Apenas llevamos cincuenta días de un nuevo año y no dejamos de preocuparnos por la distribución que el foodservice necesita en España, lema, por otra parte, de las VI Jornadas Internacionales de Restauración, que se celebrarán el 21 de mayo, en Madrid, en el marco de EXPO Foodservice.

Además, en este número, figura una entrevista inédita y exclusiva con el portavoz de Adiscat y Fedishoreca, asociaciones cuyos programas fundacionales, seguro también, nos ayudarán a dedicarle tiempo a reflexionar sobre la función de esta distribución en hostelería. Porque, dada su peculiaridad, la yuxtaposición de figuras profesionales en torno a la comercialización de bienes y servicios, más concretamente y como gusta oír,“desde los proveedores de los proveedores, hasta los clientes de los clientes”, es un compendio de complicaciones (por no decir despropósitos) con las consecuentes aportaciones negativas a rigideces estructurales y tensiones inflacionistas.

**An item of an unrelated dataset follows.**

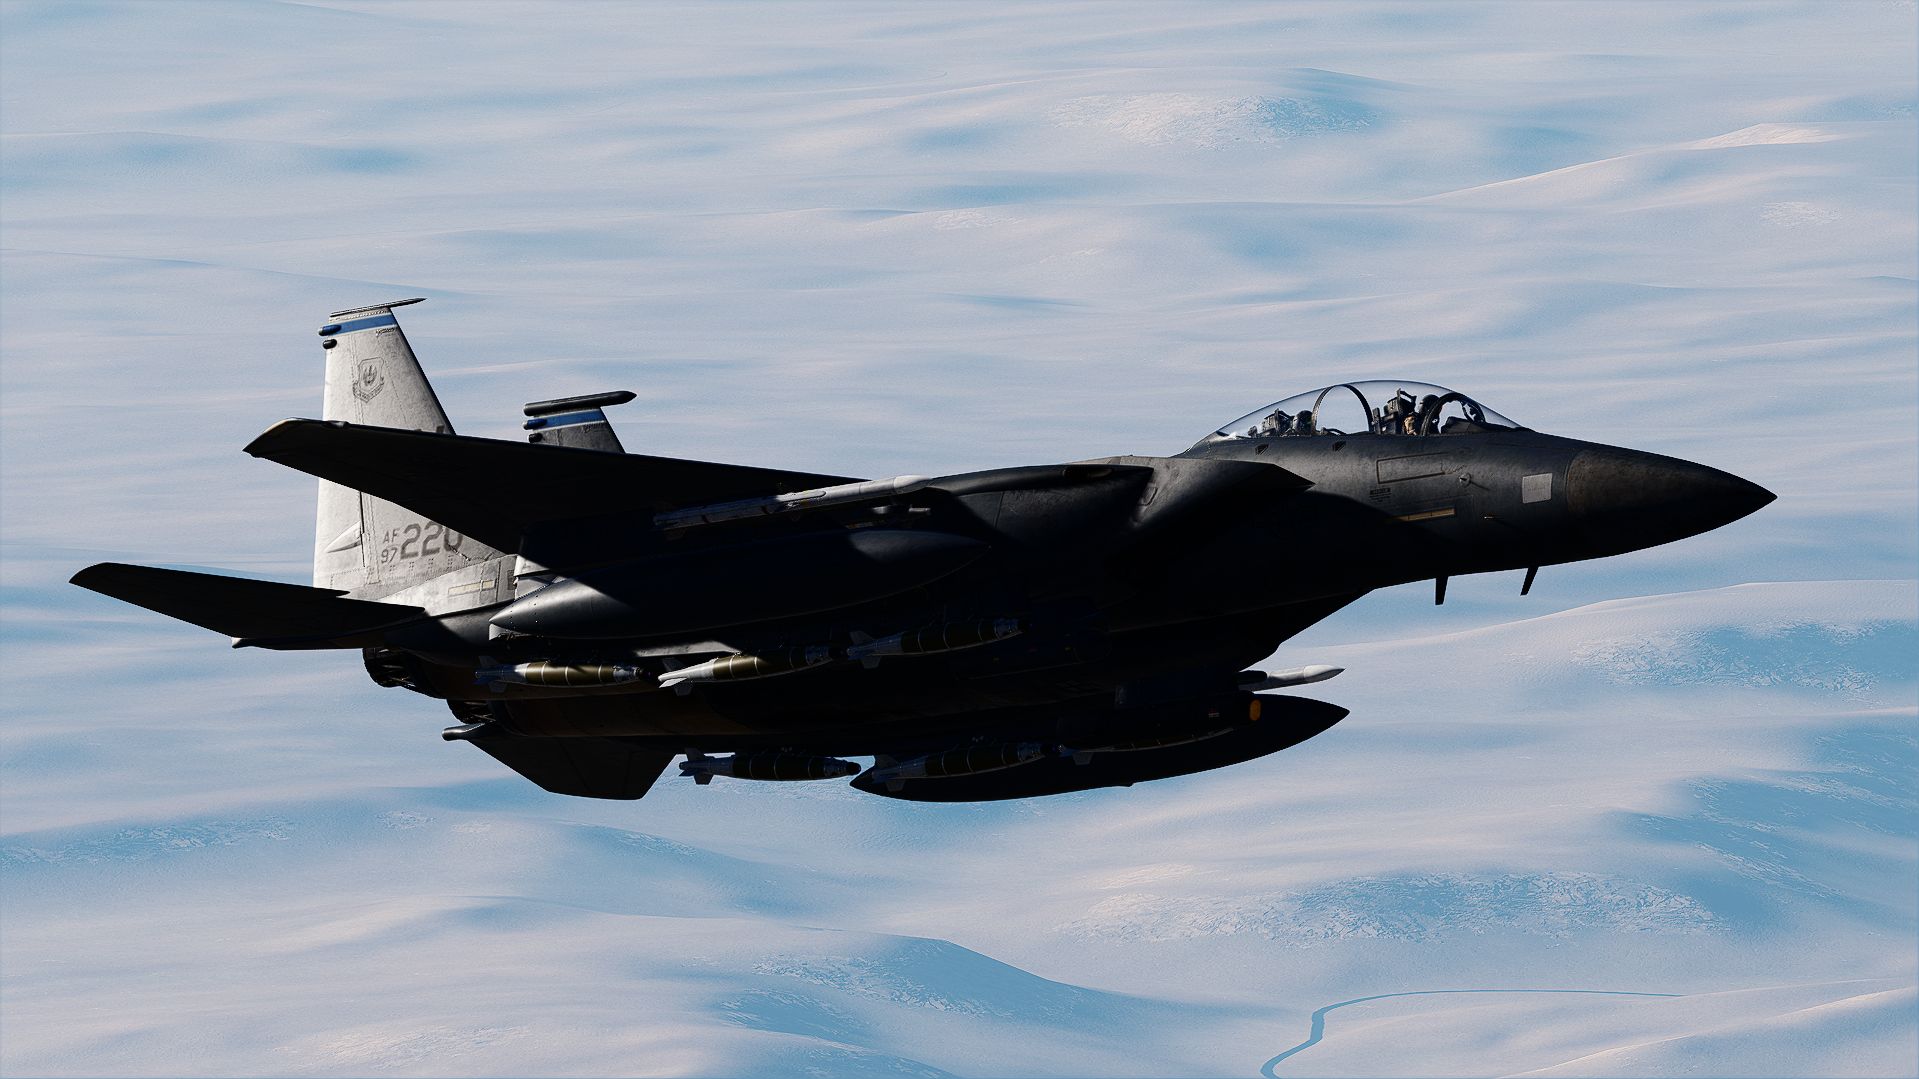 F-15E Strike eagle LN 97-220 "Booze Hound" (REWORKED)

El objetivo de todos los protagonistas de este asunto es asociar progreso tecnológico con la experiencia de la fuerza de venta. El papel, que todo lo aguanta, lo traduciría como la comunión entre un sofisticado software de gestión y el gran activo que supone la experimentada fuerza de venta en la calle; patrulla de consejeros en foodservice, me atrevería a decir. Y a ciencia cierta que se persigue esa mezcla, pese a que, en ocasiones, hayamos sido testigos también de quien ha antepuesto oportunidades de mercado, a la voluntad estratégica de hacerse con el mismo.

Regularidad y fiabilidad
En el fondo, tanto distribuidores como operadores logísticos, sean generalistas como especialistas, con mayor o menor grado de oferta y prestación de servicios, deben aspirar a entregar un pedido ordenado de forma completa, conforme, en lugar, día, hora indicada, en las condiciones exigidas, a su temperatura, asegurando la trazabilidad del pedido y la seguridad alimentaría, de modo que el servicio prestado asegure regularidad y fiabilidad.

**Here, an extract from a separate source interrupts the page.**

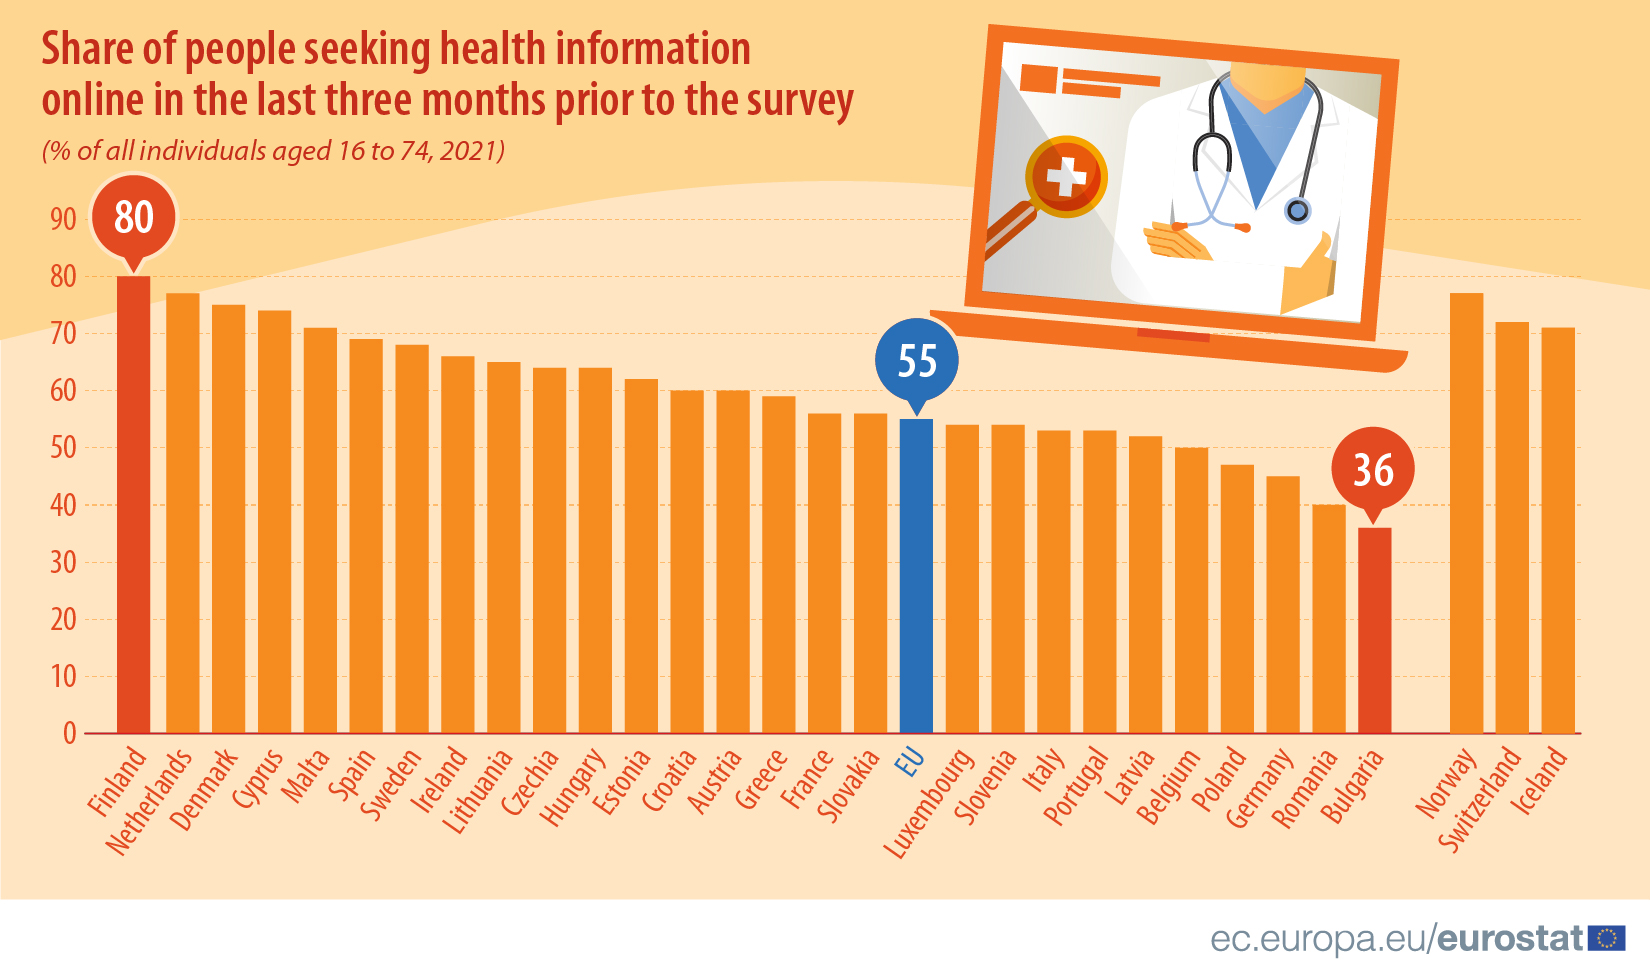 Bar graph: Ποσοστό ατόμων που αναζητούν πληροφορίες για την υγεία στο διαδίκτυο τους τελευταίους τρεις μήνες πριν από την έρευνα, ποσοστό όλων των ατόμων ηλικίας 16 έως 74 ετών το 2021, στις χώρες της ΕΕ και της ΕΖΕΣ

Este credo, más propio de misales como el que he titulado “Manual de Foodservice”, parece que poco a poco se va recitando con éxito, aunque a muchos se les haya atragantado alguna jaculatoria. Lo cual hay que destacar y celebrar, ya que la callada labor de quienes han asumido el compromiso de actuar como algo más que una correa de transmisión entre la producción de bienes y servicios y su destino intermedio o final, no suele salir en la foto y menos en las guías de estrellas.

Evidentemente, no llegan a ser los Yves Montand de la película de Clouzot cuyo título he copiado; ni la carga la de los camiones del film; ni el final, el que deseamos para nuestros profesionales, pese a que las penalizaciones por falta de puntualidad, descontrol de stocks, temperaturas o frecuencias de entrega, así como en el peso medio de lo manejado, podría equipararse a lo que la nitroglicerina supone para los cineastas.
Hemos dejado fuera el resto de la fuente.